Taxing "everyone equally" in the sense that you propose would be deeply unfair to the poor and average people.

You said 10% of taxpayers, who produced 21.4% of the income, paid two third of the income taxes. If they paid 21.4% of the income taxes - the same proportion as their income - it would mean that the remaining 90% would have to pay the 78.6% of the taxes instead of the 33.5% they pay now. I really don't think that more than doubling income taxes for the 90% of the population would be a wise choice, especially since it's the "poorest" (well, least rich) 90%!
 

Axiomatic Unicorn

First Post
PenguinKing said:
Wrap your head around this:

1) The government builds roads.

2) A large trucking company uses the roads more than, say, a guy who designs websites out of his basement.

3) Therefore, the trucking company should pay a larger share of road maintenance than the website designer.

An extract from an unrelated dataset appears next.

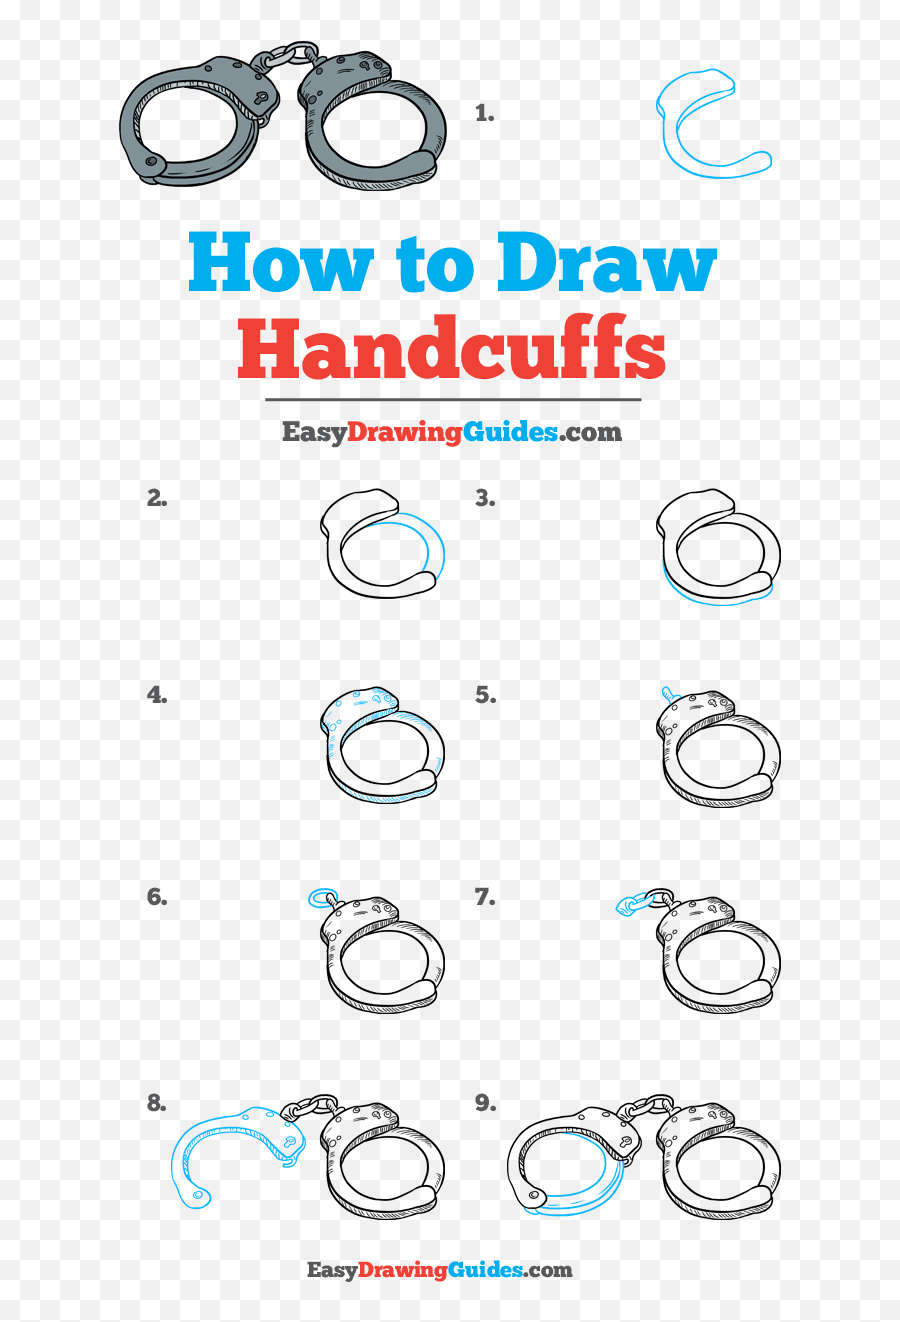 How To Draw Handcuffs - Really Easy Drawing Tutorial Circle Emoji,Is There A Handcuff Emoji

What part of that do you not understand? The point is that high producers generally make use of the infrastructure the government provides more often and represent a larger wear on that infrastructure than low producers; so why should everyone pay equally if they're not getting the same use out of it?

- Sir Bob.

And the large trucking company pays much higher amounts of gasoline and tag taxes, which go for paying for the roads. User fees such as this for tangible consumption are completely appropriate. A web designer who produces more than the trucker still must pay more taxes.